“L’era glaciale”: la fine della storia di Scrat in un video inedito

era glaciale scrat

Un gruppo di animatori dei Blue Sky Studios (rimasti anonimi) ha pubblicato online una scena con protagonista Scrat de L’era glaciale che rappresenta l’ultima animazione realizzata dallo studio, chiuso nel 2021 dopo essere passato sotto il controllo della Walt Disney Company (in seguito all’acquisizione nel 2019 da parte di quest’ultima di 20th Century Fox, che a sua volta lo aveva rilevato nel 1997).

Nella sequenza, intitolata in modo significativo The End, Scrat, intento come al solito a trovare un rifugio sicuro per la sua ghianda, si ferma a riflettere e decide di mangiare il frutto. Consumata la ghianda, lo scoiattolo esce di scena.

Creato nel 2002 come personaggio di contorno de L’era glaciale, Scrat diventò inaspettatamente il beniamino del pubblico, nonché la mascotte dello studio, che prese a dedicargli sempre più spazio, sia nei film della serie che in svariati cortometraggi. Le azioni di Scrat per seppellire o ritrovare la ghianda mettevano spesso in moto la trama delle pellicole. Nel sesto film, In rotta di collisione, lo scoiattolo finiva perfino nello spazio, dopo aver trovato un’astronave aliena sepolta tra i ghiacci.

I Blue Sky Studios hanno chiuso nel 2021, dopo aver completato i lavori sui progetti ancora aperti (o aver interrotto quelli in produzione, come l’adattamento del fumetto Nimona, nel frattempo passato a Netflix e previsto per il 2023). Questa clip rappresenta simbolicamente l’ultima animazione prodotta dallo studio ed è stata pubblicata online il giorno d’uscita della serie L’era glaciale – I racconti di Scrat, ultima produzione completata sotto la supervisione Blue Sky. «Negli ultimi giorni dei Blue Sky Studios», si legge nella descrizione del video, «un piccolo gruppo di animatori si era messo all’opera per quest’ultima scena. Questa animazione è un addio, un saluto secondo i nostri termini».
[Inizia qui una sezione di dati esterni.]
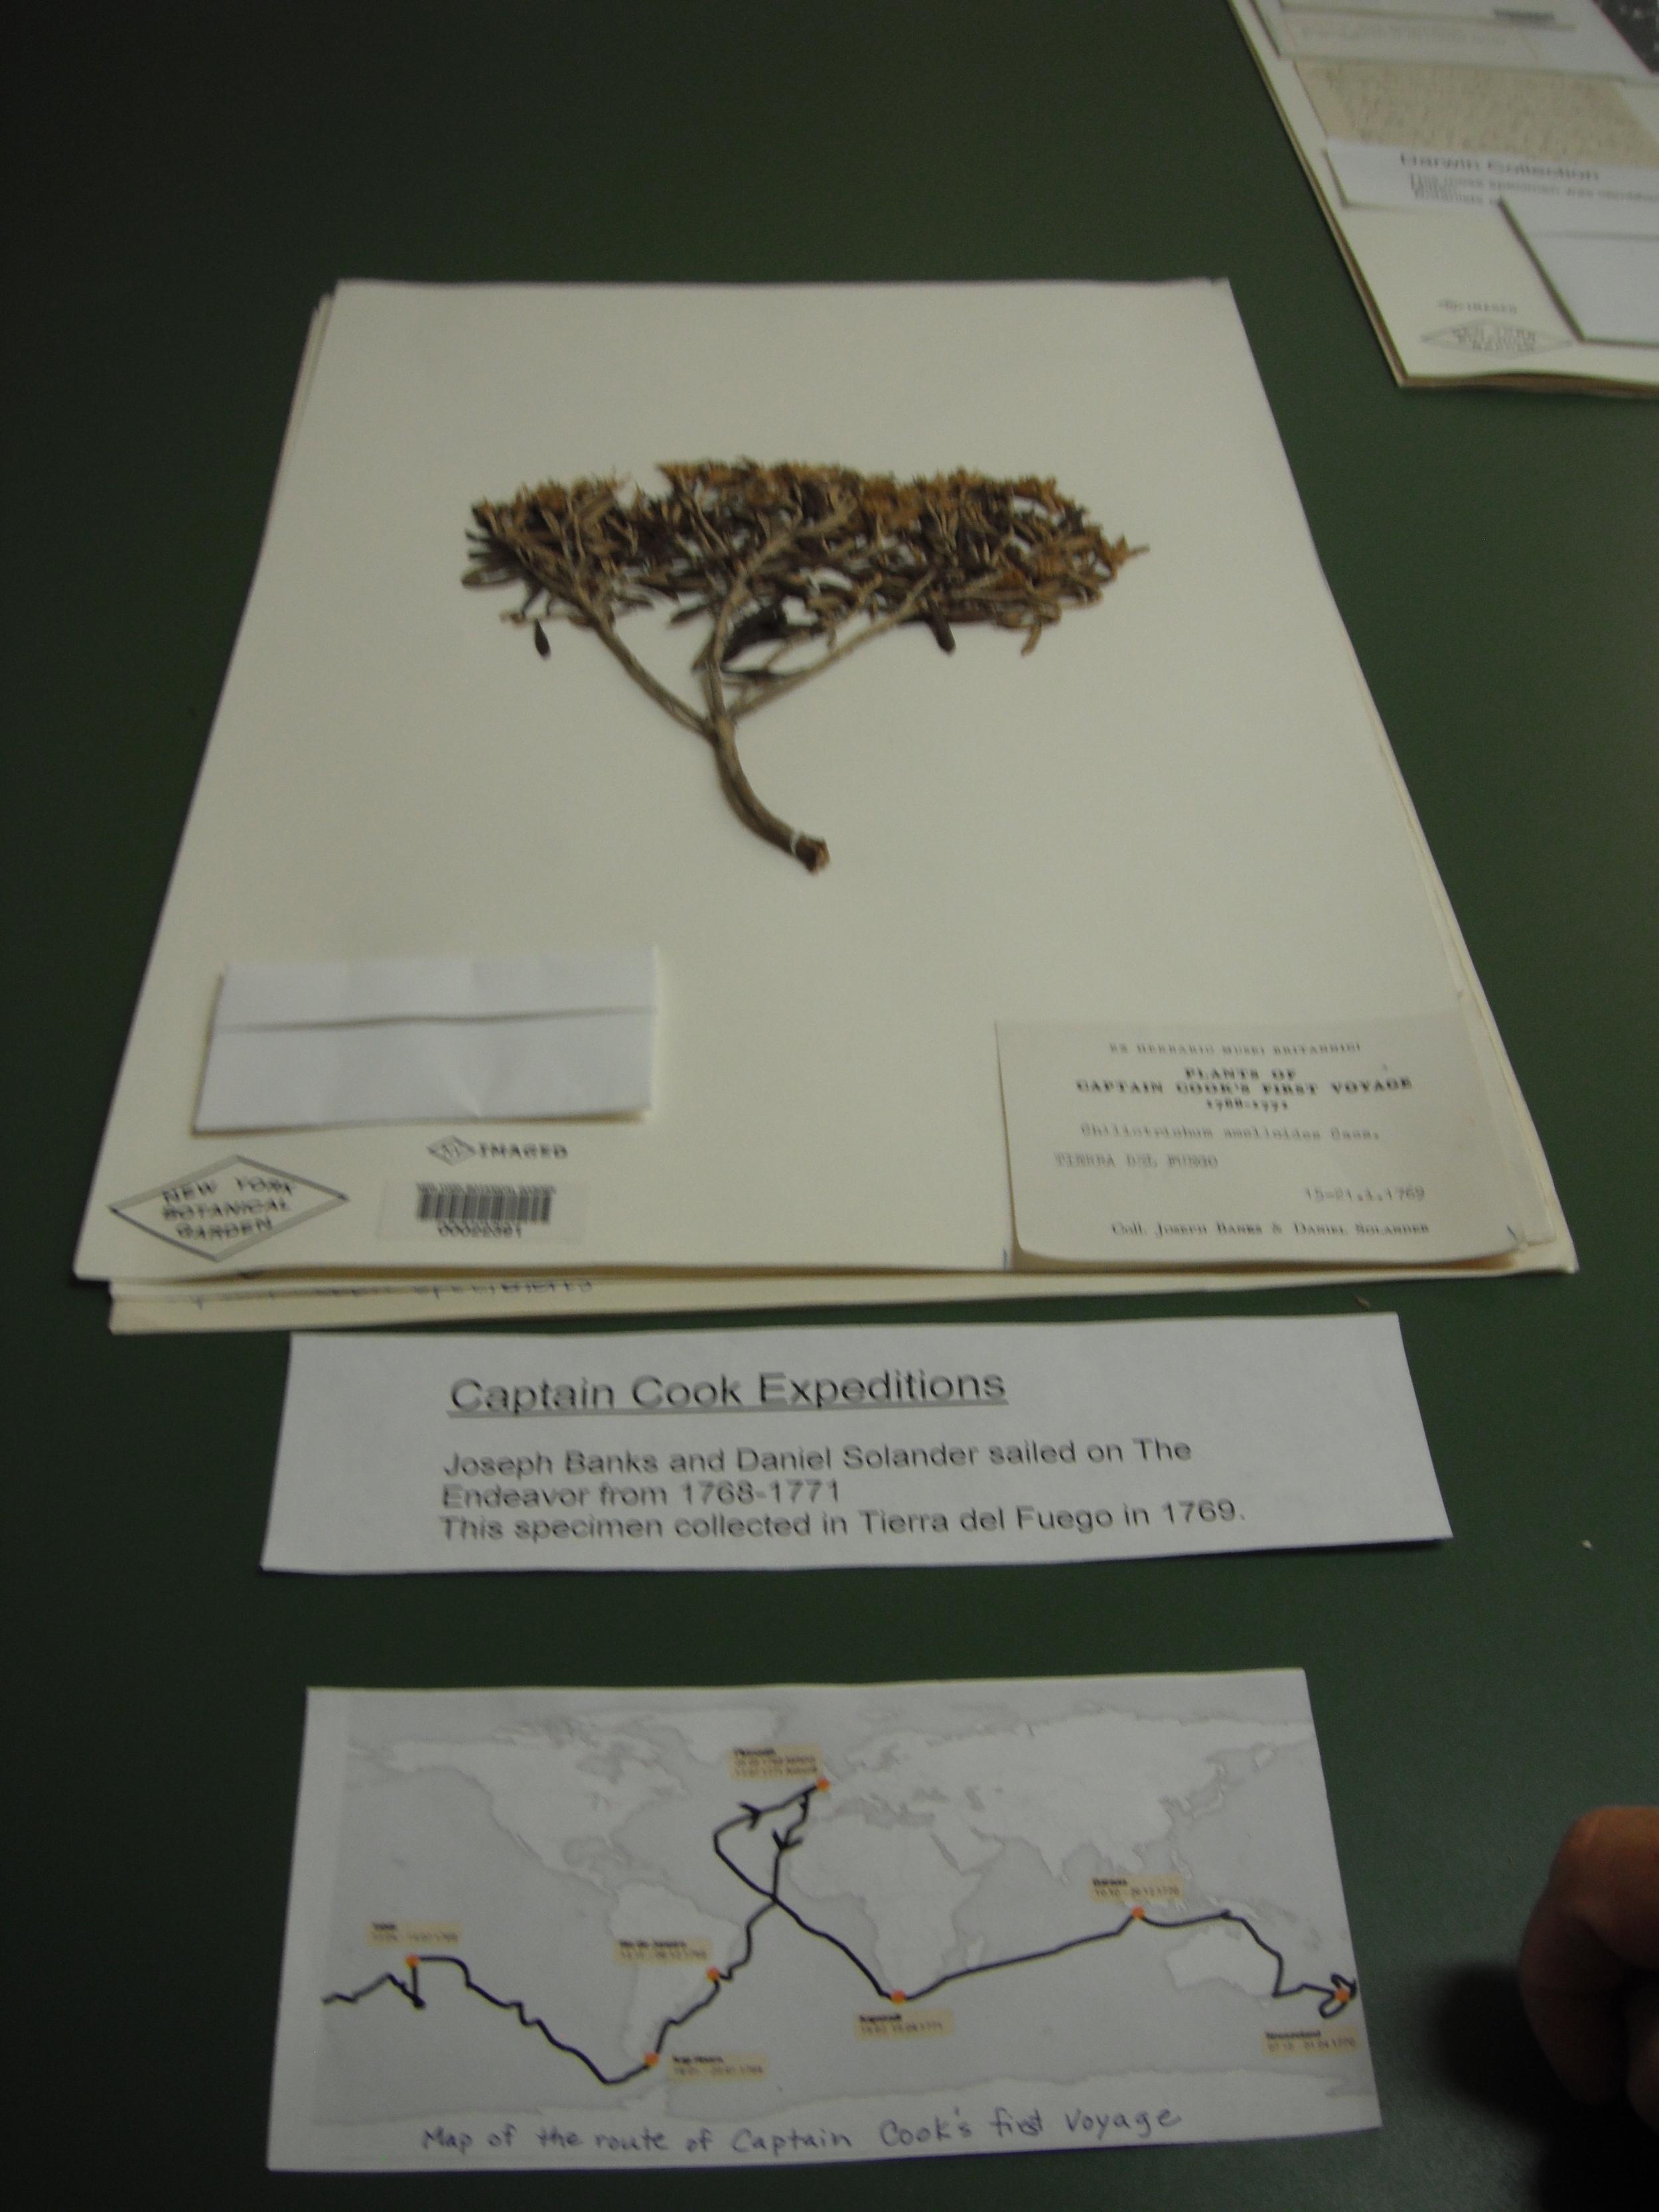 Specimen from Captain Cook's voyage

Michael Thurmeier, regista degli ultimi capitoli del franchise, ha rivelato che la scena era stata mostrata a sorpresa al termine dell’ultima proiezione interna de I racconti di Scrat: «Non mentirò, ho versato lacrime molto grosse.» Di recente, il franchise dell’Era glaciale si era arricchito con Le avventure di Buck, un film spin-off dedicato al personaggio eponimo, il furetto doppiato in originale da Simon Pegg, e I racconti di Scrat, una serie di sei cortometraggi con protagonista proprio lo scoiattolo e un piccolo cucciolo della sua specie che richiede tante attenzioni quante quelle che Scrat riserva alla sua ghianda.

I Blue Sky Studios furono fondati nel 1987 da Chris Wedge, Carl Ludwig, Eugene Troubetzkoy, Alison Brown, David Brown e Michael Ferraro dopo la chiusura della ditta di effetti speciali MAGI, che aveva lavorato su Tron. I sei ex-dipendenti di MAGI si unirono sotto una nuova etichetta per creare software e animazione al computer, prima di allearsi, negli anni Novanta, con 20th Century Fox e realizzare gli effetti speciali per film come Alien – La clonazione e Fight Club.
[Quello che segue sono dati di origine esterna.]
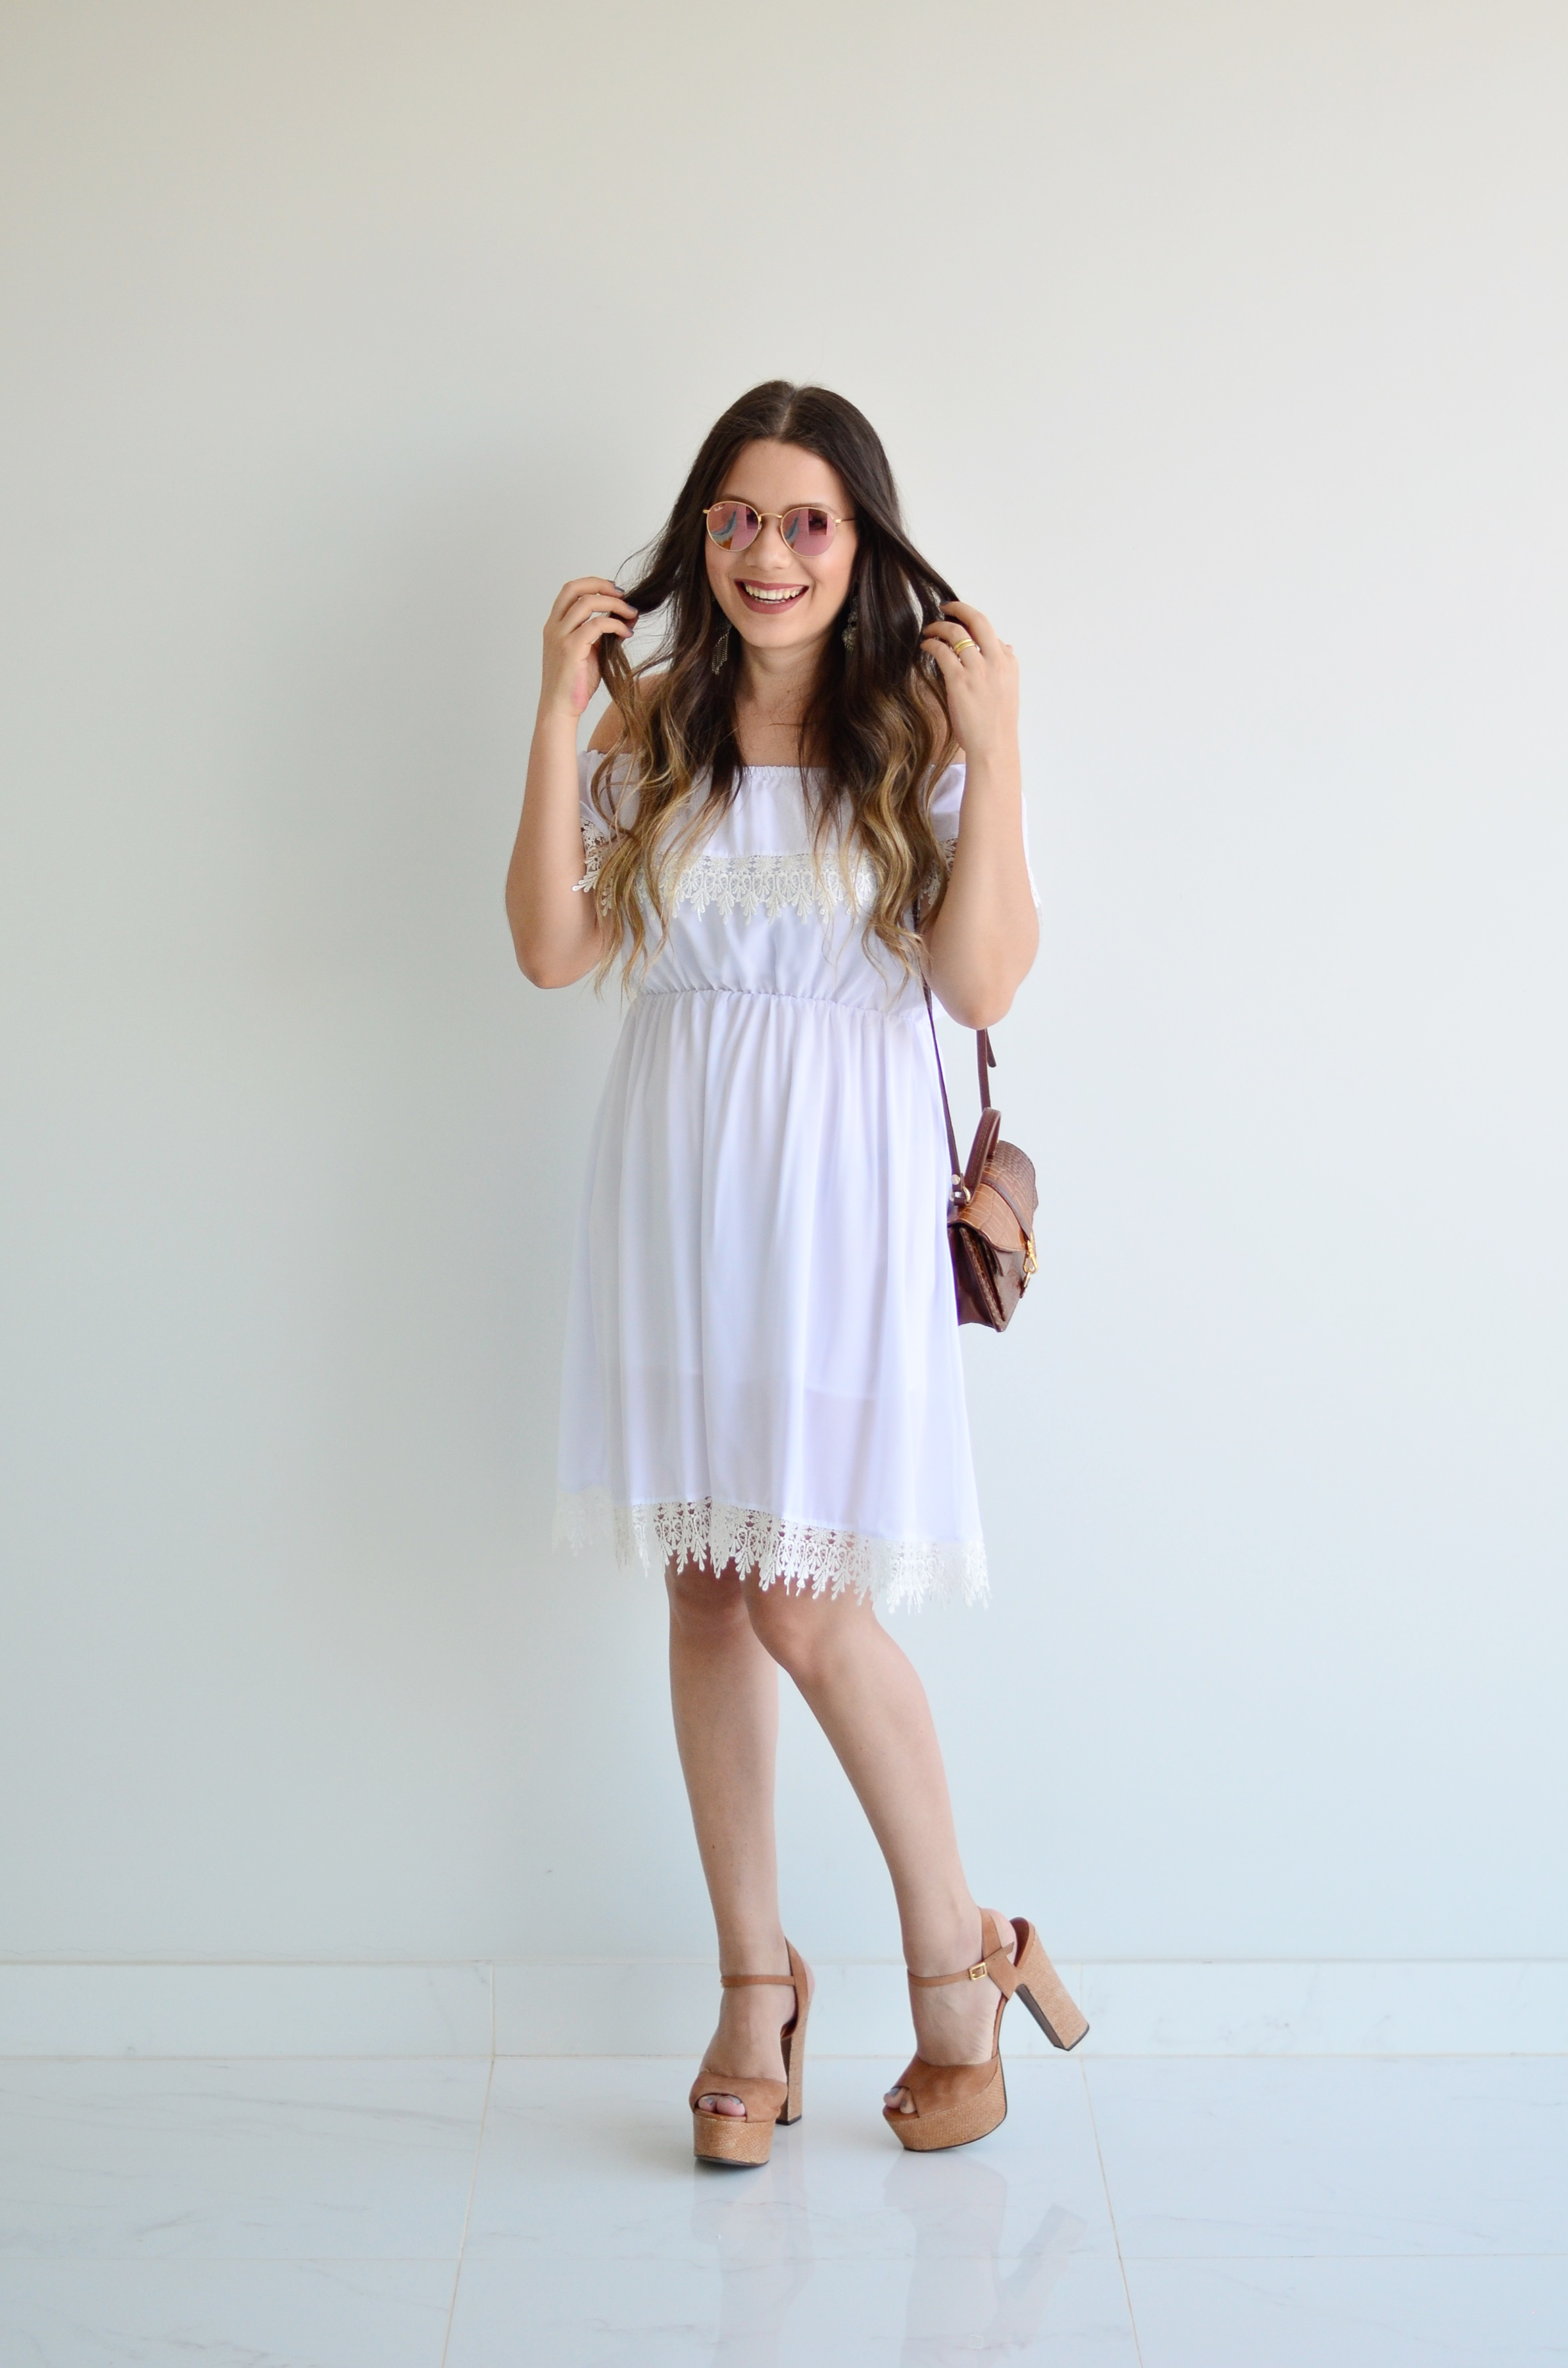 look-duplo-vestido-e-conjunto-branco-mini-bag-ft-alice-vivianny-9

Nel 1998 i Blue Sky Studios vinsero l’Oscar per il miglior cortometraggio d’animazione con Bunny, diretto da Chris Wedge, la storia di un’anziana coniglia che riceva la visita dell’anima del defunto marito sotto forma di falena. Nel 2002, il loro primo lungometraggio, L’era glaciale, conquistò critica e pubblico, catapultando lo studio verso il successo. L’era glaciale diventò una saga cinematografica di grande richiamo, a cui si affiancarono i fortunati Rio e Rio 2, Ferdinand e Ortone e il mondo dei Chi. Nel 2015, i Blue Sky produssero anche un lungometraggio dedicato ai Peanuts, la striscia di Charles Schulz, intitolato Snoopy & Friends.